Yoav Goldberg, Bar Ilan University
Capturing Dependency Syntax with "Deep" Sequential Models
Neural network ("deep learning") models are taking over machine learning approaches for language by storm. In particular, recurrent neural networks (RNNs), which are flexible non-markovian models of sequential data, were shown to be effective for a variety of language processing tasks. Somewhat surprisingly, these seemingly purely sequential models are very capable at modeling syntactic phenomena, and using them result in very strong dependency parsers, for a variety of languages.
In this talk, I will briefly describe recurrent-networks, and present empirical evidence for their capabilities of learning the subject-verb agreement relation in naturally occuring text, from relatively indirect supervision. This part is based on my joint work with Tal Linzen and Emmanuel Dupoux. I will then describe bi-directional recurrent networks---a simple extension of recurrent networks---and show how they can be used as the basis of state-of-the-art dependency parsers. This is based on my work with Eliyahu Kipperwasser, but will also touch on work by other researchers in that space.
Eva Hajičová, Charles University in Prague
Syntax - Semantics Interface: A plea for a deep dependency sentence structure
In collaboration with Václava Kettnerová, Veronika Kolářová, Markéta Lopatková, Jarmila Panevová, and Dan Zeman (and with technical support of Jiří Mírovský)
The aim of the contribution is to bring arguments for a description for natur al language that (i) includes a representation (i) of a deep (underlying) sentence structure and (ii) is based on the relation of dependency. Our argumentation rests on linguistic considerations and stems from the Praguian linguistic background, both with respect to the Praguian structuralist tradition as well as to the formal framework of Functional Generative Description and to the experience with building the Prague Dependency Treebank. The arguments, of course, are not novel but we will try to gather and report on our experience when working with deep syntactic dependency relations in the description of language; the basic material will be Czech but multilingual comparative aspects will be taken into account as well.

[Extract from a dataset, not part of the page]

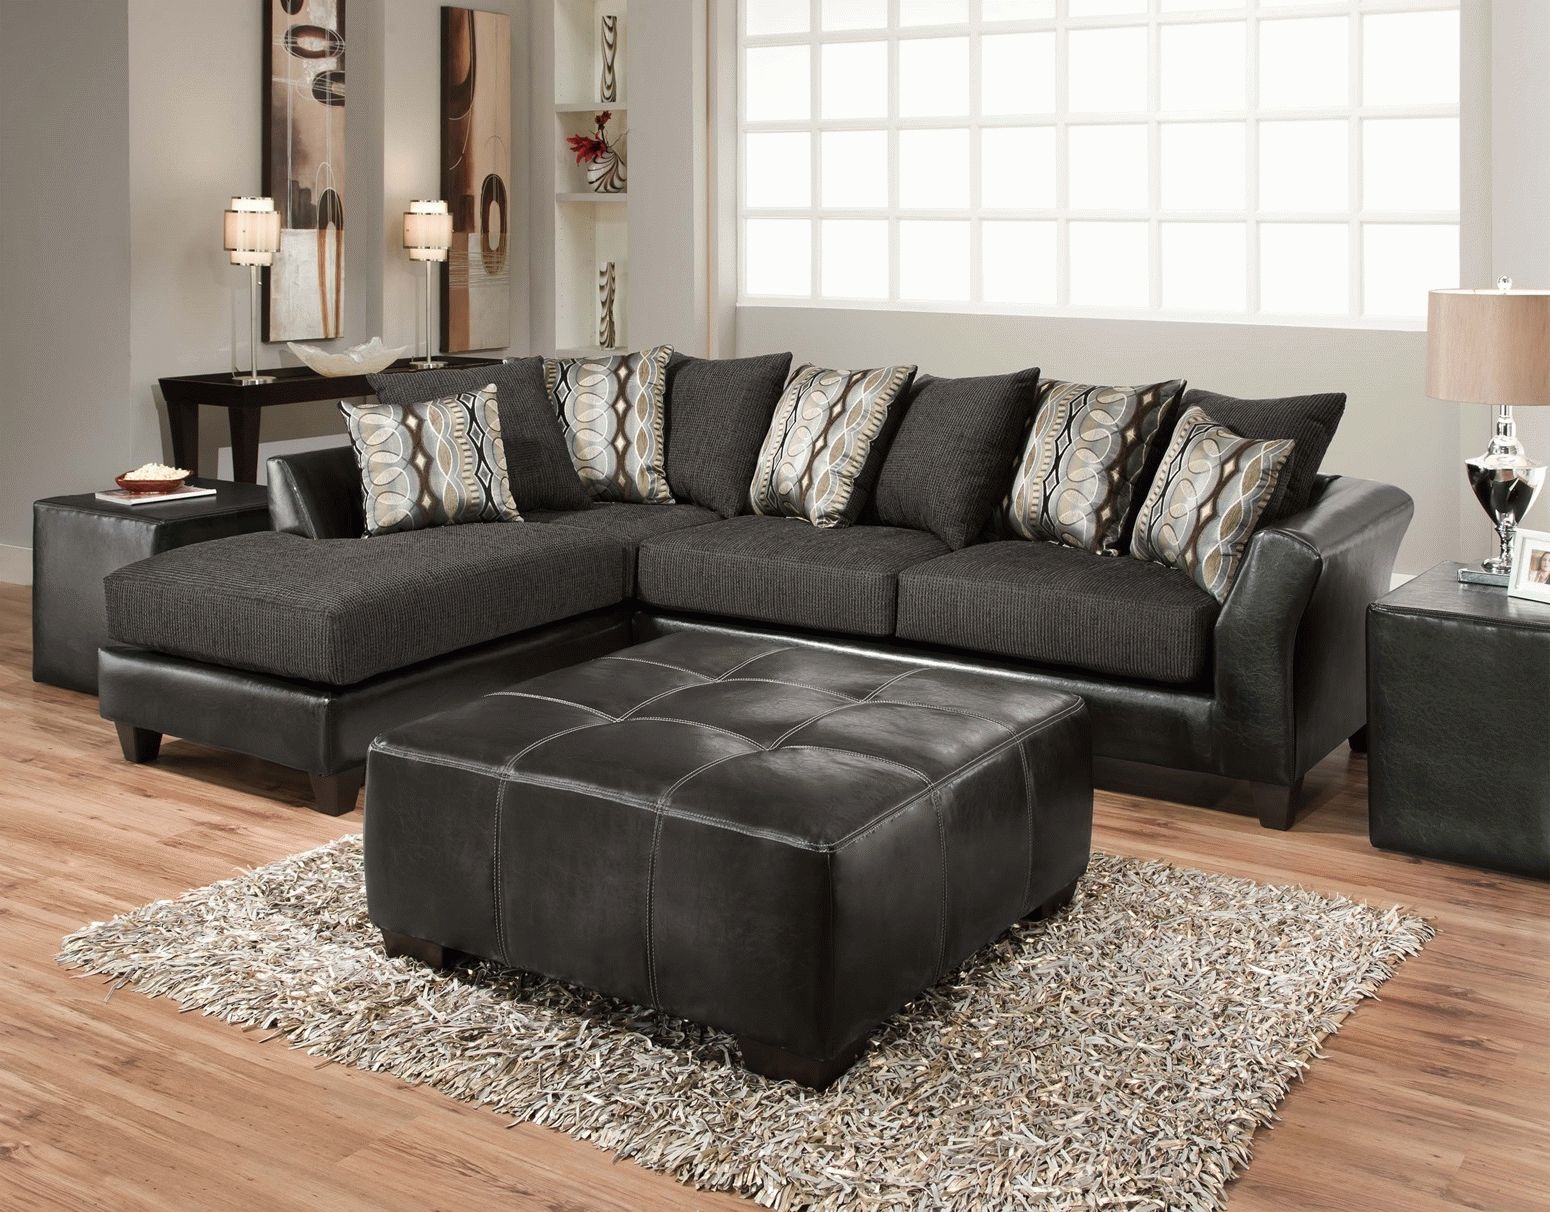 Most Recent Interior: Gorgeous Lady Charcoal Sectional For Living Room Regarding Value City Sectional Sofas (View 14 of 20)

Speaking about a “deep” sentence structure, a natural question to ask is how “deep” this linguistic structure is to be. Relevant in this respect is the differentiation between ontological content and linguistic meaning. Two relations will be discussed in some detail and illustrated on examples from Czech and English, namely the relation of synonymy and that of ambiguity (homonymy). The relation of synonymy will be specified as an identity of meaning with respect to truth conditions and it will be demonstrated how this criterion may help to test sentences and constructions for synonymy. The relation of ambiguity will be exemplified by two specific groups of examples, one concerning surface deletions and the necessity to reconstruct them in the deep structure, and the other group involving the notion of deep order of sentence elements with examples related to the phenomenon of information structure.
The necessity to distinguish surface and deep structure has led to several proposals of a multilevel description of language, both in the domain of theoretical linguistics and in the domain of annotation schemes of language corpora, such as LFG or CCG. We will describe in a nutshell the Prague Dependency Treebank, focusing on the deep (so-called tectogrammatical) level of annotation.

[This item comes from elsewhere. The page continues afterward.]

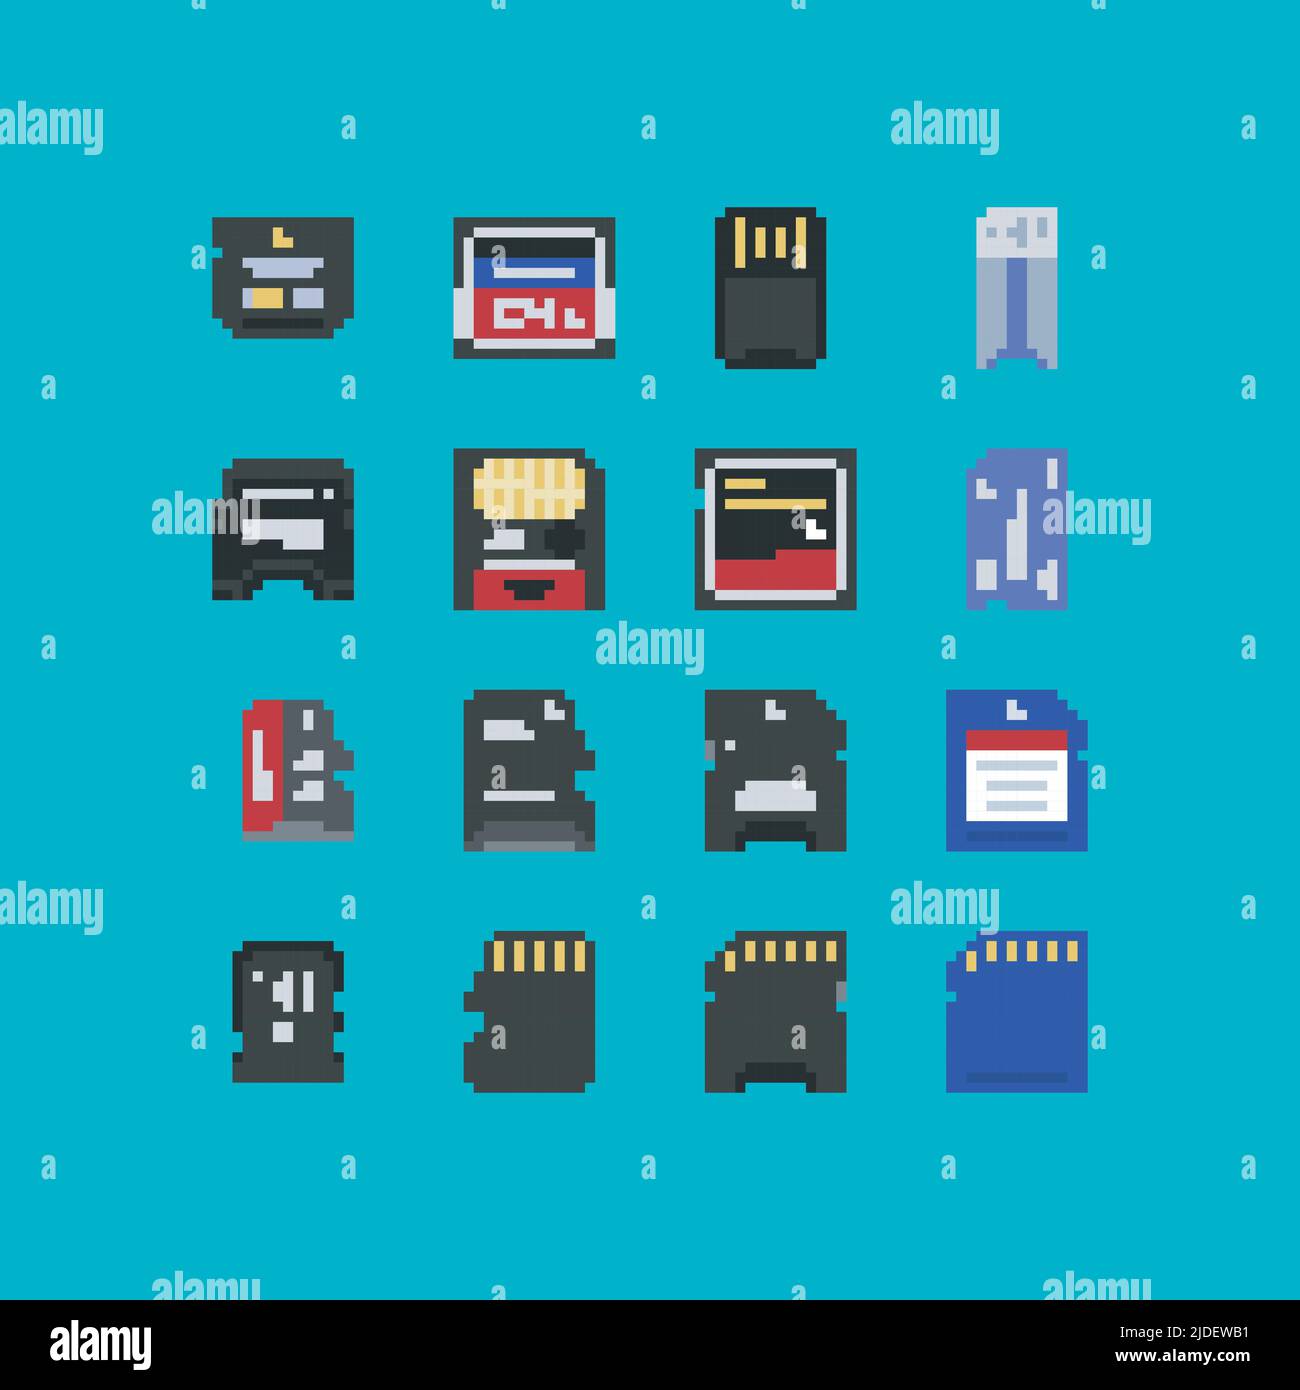 Pixel art phone and photo memory card vector 8 bit icon set on light blue background. Video game 8-bit sprite. Stock Vector

After some observations on the history of the dependency-based syntactic relations, attention will be focused on two basic topics, namely the issue of headedness and the notion of valency. We will outline an approach to the distinction between arguments and adjuncts and their semantic optionality/obligatoriness based on two operational criteria and we will demonstrate on the example of several Czech valency dictionaries how a dependency-based description brings together grammar and lexicon.
Among the many challenges that still await a deeper analysis, two will be briefly characterized, namely the phenomenon of projectivity and the representation of coordination.
To summarize, we argue that both attributes of our approach, namely “deep” and “dependency-based” are important for a theoretical description of language if this description is supposed to help to reflect the relation between form and meaning, that is, when it is supposed to serve as a basis for language understanding. Despite undisputable recent progress in NLP which relies more on computational methods than linguistic representations or features, we believe that for true understanding, having an adequate theory is worth the effort.
This work has been supported by the LINDAT/CLARIN project of the Ministry of Education, Youth and Sports of the Czech Republic (project LM2015071) and by the project GA17-07313S of the Grant Agency of the Czech Republic.